Childbirth is an exciting and terrifying prospect. For each of my three pregnancies, as my stomach grew larger, so did my anxiety and dread about the birth itself. Just as the marriage is more important than the wedding, the baby is more important than the birth. Yet at the same time, when you hit 8 months or so, it sinks in anew that if you want to meet that baby, you’re going to have to give birth.
I decided early on that I wanted to have a natural childbirth if possible. I had read Naomi Wolf’s Misconceptions, the story of her two traumatic birth experiences and the sad state of childbirth practices in the United States compared to the rest of the developed world (much higher rates of cesarean sections and even maternal mortality), and Ina May Gaskin’s stories of natural and even joyful births on her midwifery farm.
In nothing I read about natural childbirth was any Christian imagery or ideology mentioned. It seemed to be the assumption that natural childbirth went hand in hand with goddess imagery that at times made me very uncomfortable. I wanted to have a natural childbirth because it seemed to be better for the baby and less likely to lead to cesarean section or other complications and also because, I’ll be honest, I’m stubborn and I wanted to prove I could do it.
I was lucky enough to be able to have all three of my children without medication, not because of my terrific stamina or courage but mainly because I was able to delay going to the hospital long enough for all three children that by the time we got there, things were so far along that interventions seemed unnecessary to everyone. (Truly, it’s not a bad strategy, although a little stressful for Dad.)
My births weren’t traumatic like Naomi Wolf’s or those of many of my friends who struggled through complications and emergency surgeries, and the techniques I learned in my Hypnobirthing classes worked reasonably well, yet I would have liked to have had a more Christian framework in which to place them. I felt very close to God in the awe and gratitude and joy I experienced when I held my new babies, the most precious gifts I have ever received, but throughout my labors my prayers were more about survival than about focusing on the spiritual aspects of the labor process.
If only I’d had Aubry G. Smith’s book, Holy Labor. Smith, a doula, marries the natural childbirth movement to Christian theology.
First, Smith takes hard aim at the widely-held idea that pain in childbirth is inevitable because of “the curse” of Genesis 3:16a, translated in NRSV as “To the woman he said, ‘I will greatly increase your pangs in childbearing; in pain you shall bring forth children.'” Smith points out that God only “curses” the serpent, by removing the serpent from God’s presence. Neither the man nor the woman is “cursed.” She further argues that the first phrase is likely about the anxiety and worry many women go through around conception rather than childbirth itself, and that the second phrase is less about physical pain than hard work, similar to the “toil” a few verses later with which the man will now farm the land. She suggests, “I will increase your anguish in conception and childbirth, and with strenuous labor you will give birth to children” (pp. 23-4) as a more accurate translation.
Although Smith is very supportive of natural childbirth techniques, she also demonstrates empathy for those who make other birthing choices or who, like Wolf, just aren’t able to have the type of births for which they hope and plan. She points out the many times in the Bible that birth is used as a metaphor for our entry in the Christian life, a metaphor that redeems all birth stories, no matter how traumatic or un-goddess-like they are. Every birth reminds us of the hope we have through our new life in Jesus. Through birth, we are able to work alongside God to bring new life to the world, a process that can be filled with suffering and joy in equal measure.
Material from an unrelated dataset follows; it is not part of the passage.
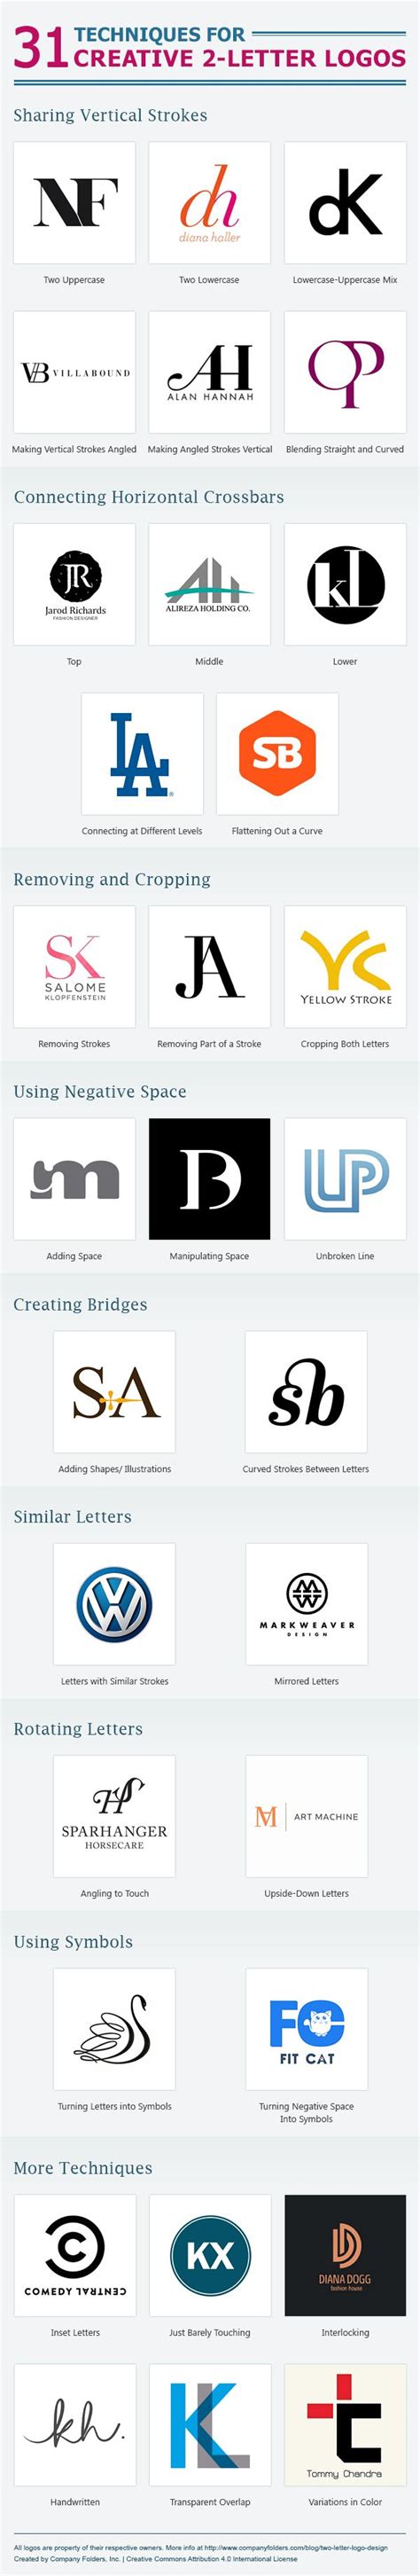 Got A 2 Letter Business Name 31 Ways To Make Your Logo More Creative

Smith also describes the limitations of the goddess imagery so common in natural childbirth narratives. It’s hard to feel like a goddess when the reality is your body is exhausted and feels like it’s breaking down or if something goes wrong and you’re not able to have the birth for which you hoped. And I recognize myself in her words about why she wanted to have a natural childbirth: “I wanted to be a superior mother. I wanted to be someone who could handle the ‘most painful thing in the world’ and then display my birth story as some sort of a victor’s trophy. I also thought God would be more pleased with me if I did things ‘his way,’ so I was determined to earn his love and approval by avoiding an epidural. Being in a lot of pain seemed more spiritual” (p. 125). Ouch, but true.
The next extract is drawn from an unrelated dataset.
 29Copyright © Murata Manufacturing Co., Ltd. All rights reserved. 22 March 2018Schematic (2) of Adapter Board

Instead of thinking about childbirth as a spiritual trophy to prove our worthiness, Smith suggests various spiritual disciplines at the end of each chapter to help both expectant and new mothers focus their hearts on God.
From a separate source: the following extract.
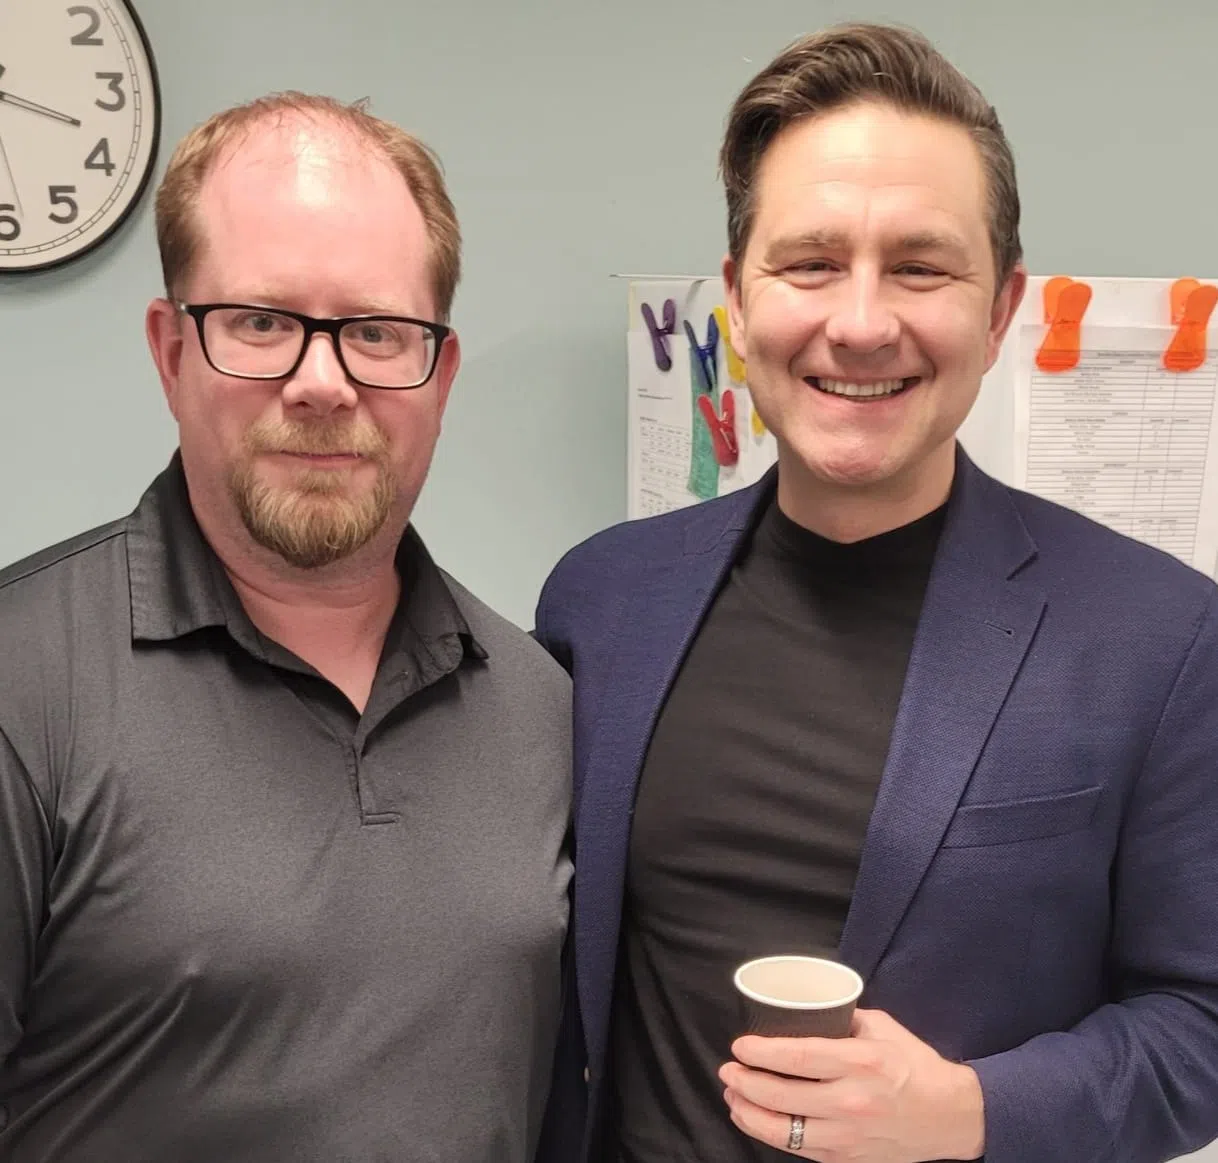 Scottie O chatted with Pierre Poilievre while he was in Port Hawkesbury

And in the end, she offers these sage words: “I think Jesus is much less concerned with whether women have epidurals, elective C-sections, or orgasmic deliveries in the woods than he is with the hearts of the women giving birth” (p. 128).
Most importantly, her words help to redeem childbirth as spiritually meaningful rather than inevitably painful.
This book will appeal to expectant mothers but also women who hope to become pregnant or have already had children and are looking for a Christian framework of redemption for their childbirth experiences, whether positive or traumatic.